上图为(a+b*c)+((d*e+f)*g)的表达式树。
构造表达式树
对于一个后缀表达式。如果符号的操作数,则建立一个单节点并将它推入栈中,如果符号的操作数,那么就从栈中弹出两棵树T1和T2(先弹出的为右子树)并形成一棵新的树,该树的根就是操作符。
二叉查找树
使二叉树成为二叉查找树的性质是,对于树中的每个节点X,它的左子树中所有的项的值都小于X,它的右子树中所有项的值都大于X。
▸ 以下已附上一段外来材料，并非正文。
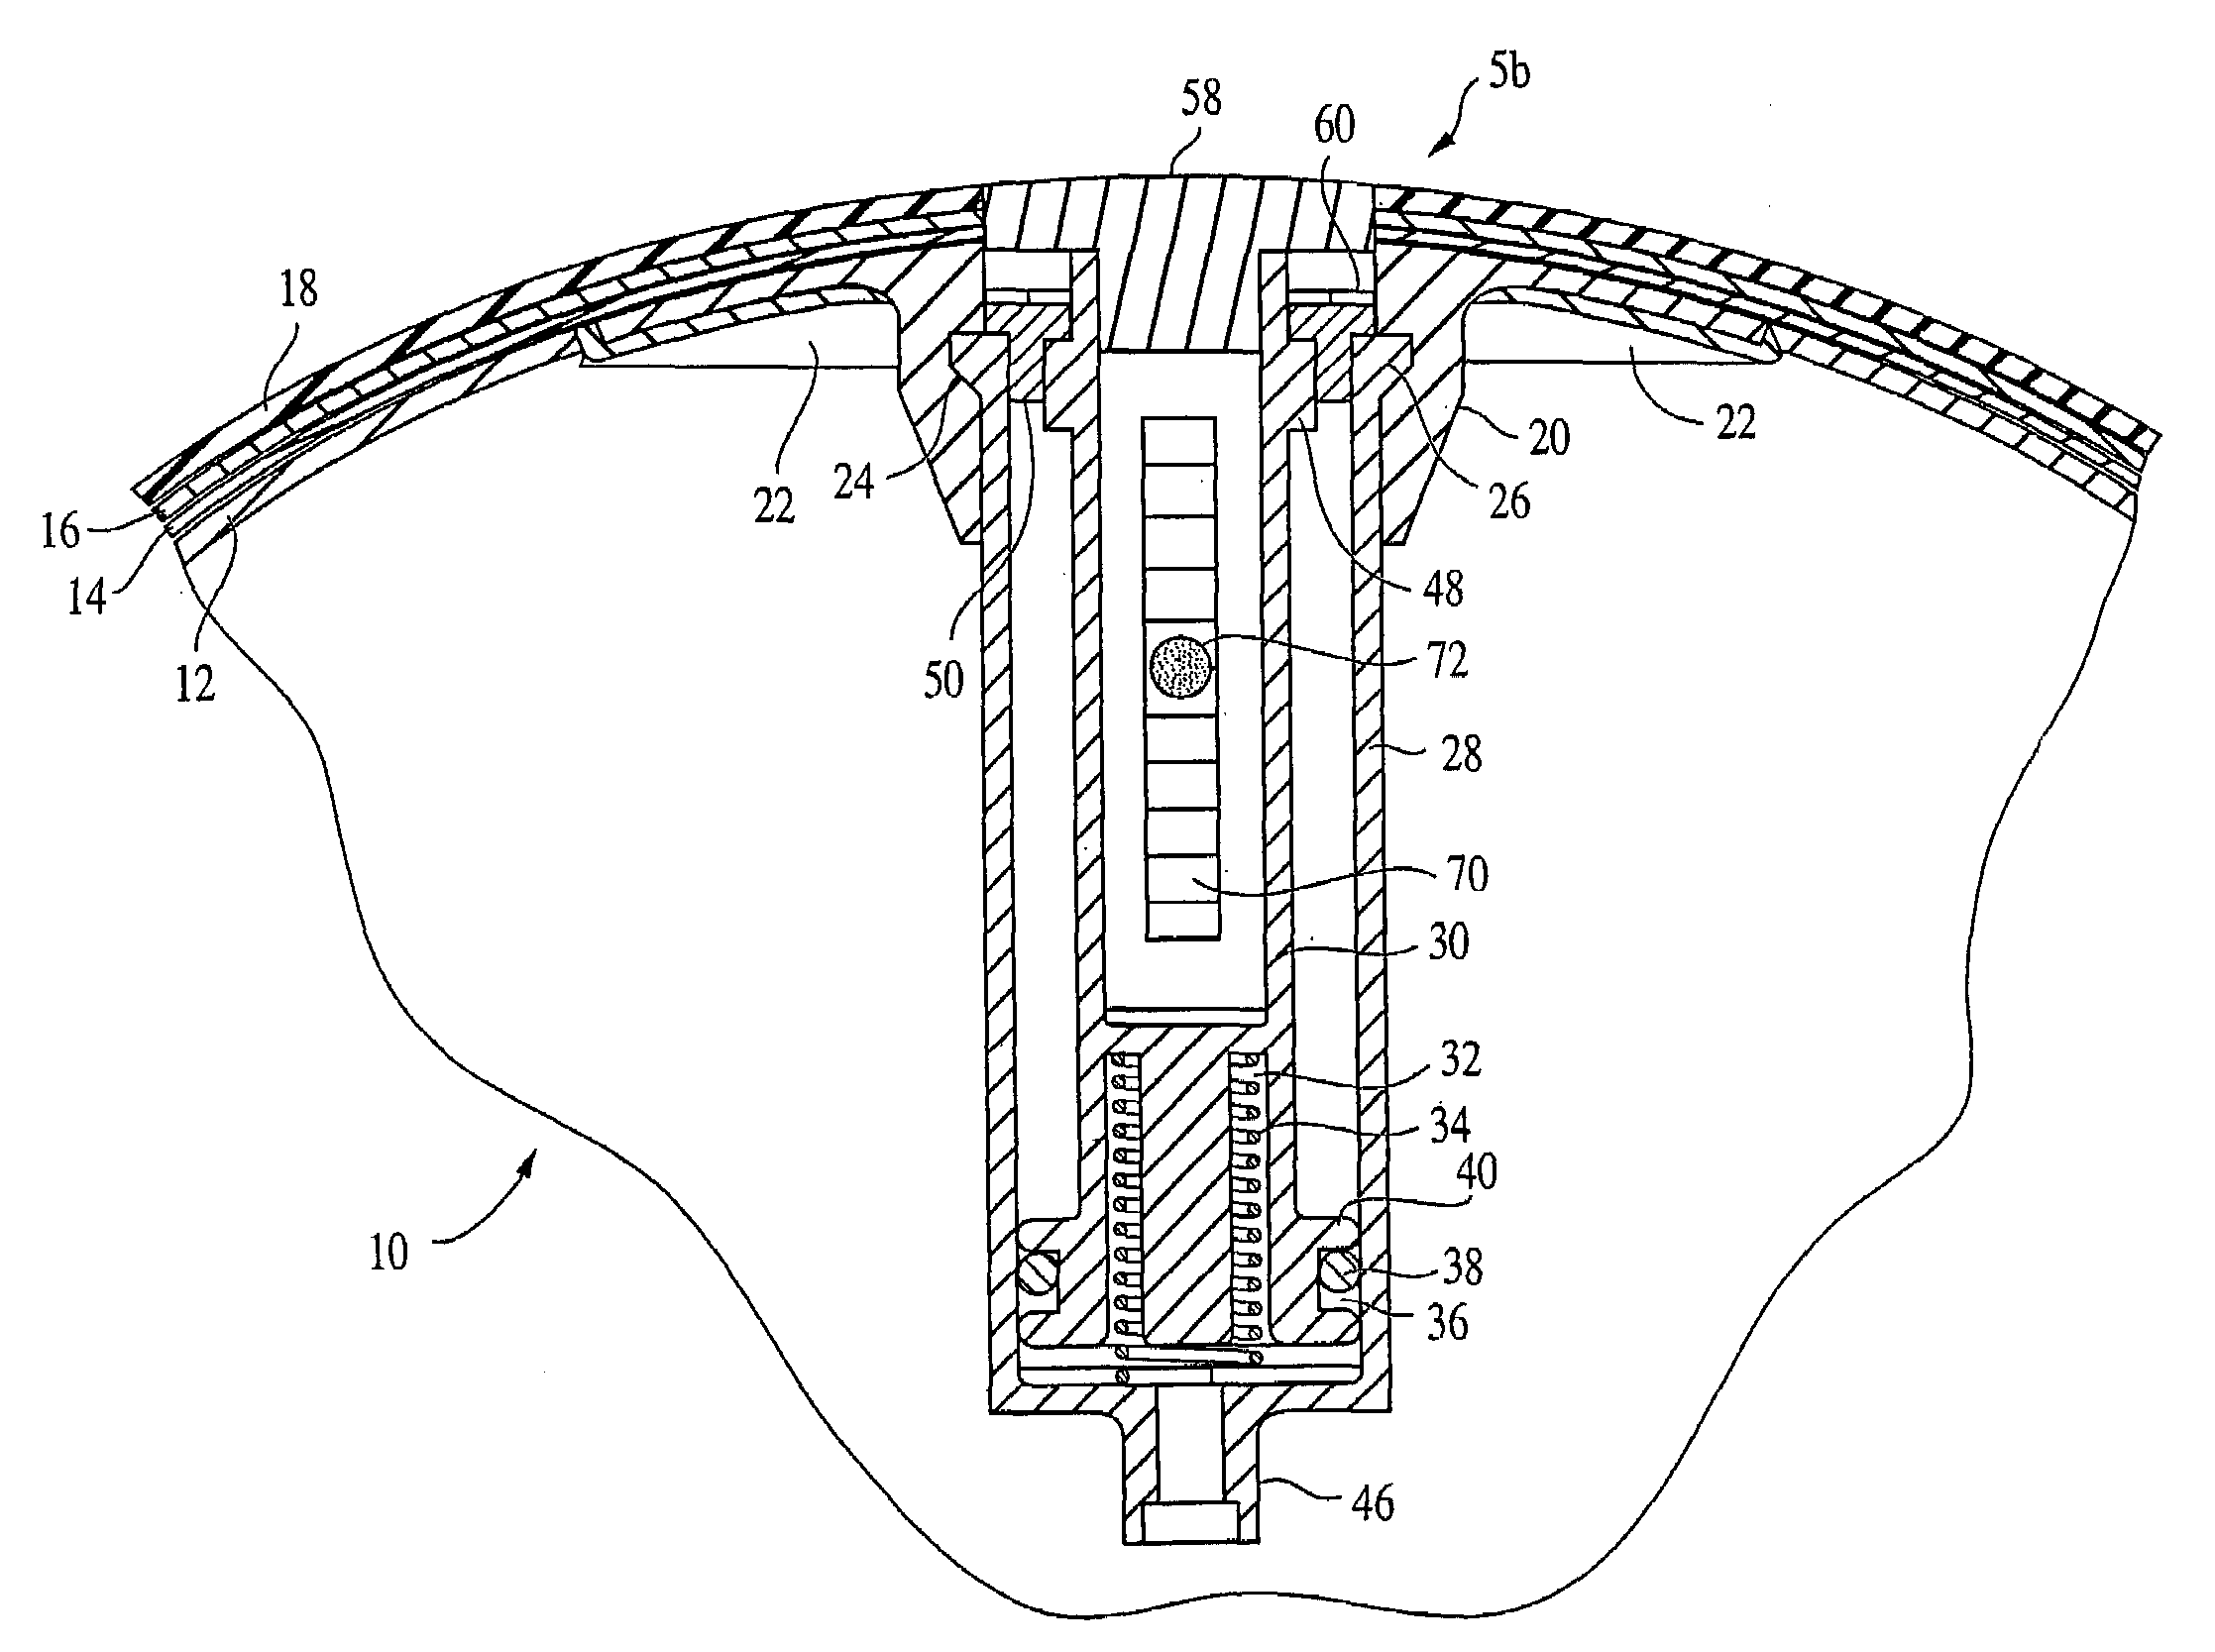 Sport ball with self-contained inflation mechanism having pressure relief and indication capability

二叉查找树的平均深度为O(logN)
代码实现:
public class BinarySearchTree<T extends Comparable<? super T>> { private static class BinaryNode<T> { T element; BinaryNode<T> left; BinaryNode<T> right; BinaryNode(T e) { this(e, null, null); } BinaryNode(T e, BinaryNode<T> l, BinaryNode<T> r) { element = e; left = l; right = r; } } private boolean contains(T x, BinaryNode<T> root) { if (root == null) return false; int compare = x.compareTo(root.element); if (compare > 0) return contains(x, root.right); else if (compare < 0) return contains(x, root.left); else return true; } private BinaryNode<T> findMax(BinaryNode<T> root) { if (root == null) return null; else if (root.right == null) return root; return findMax(root.right); } private BinaryNode<T> findMin(BinaryNode<T> root) { if (root == null) return null; while (root.left != null) root = root.right; return root; } private BinaryNode<T> insert(T x, BinaryNode<T> root) { if (root == null) return new BinaryNode<T>(x); int compare = x.compareTo(root.element); if (compare > 0) root.right = insert(x, root.right); else if (compare < 0) root.left = insert(x, root.left); return root; } private BinaryNode<T> remove(T x, BinaryNode<T> root) { if (root == null) return root; int compare = x.compareTo(root.element); if (compare > 0) root.right = remove(x, root.right); else if (compare < 0) root.left = remove(x, root.left); //左右子树都不为空,则将待删除的节点的值设为右子树中最小的(不会有左儿子,会方便第二次remove),再从右子树中删除改值。 else if (root.left != null && root.right != null){ root.element = findMin(root.right).element; root.right = remove(root.element, root.right); }else//涵盖了一个为空或者两个都为空的情况 root = (root.left != null) ? root.left : root.right; return root; } }
AVL树
REF:http://blog.csdn.net/pacosonswjtu/article/details/50522677
一个AVL树是其每个节点的左子树和右子树的高度最多差1的二叉查找树。
插入一个节点可能破坏AVL树的特性,而这总可以通过对树进行简单的修正来做到,我们称其为旋转。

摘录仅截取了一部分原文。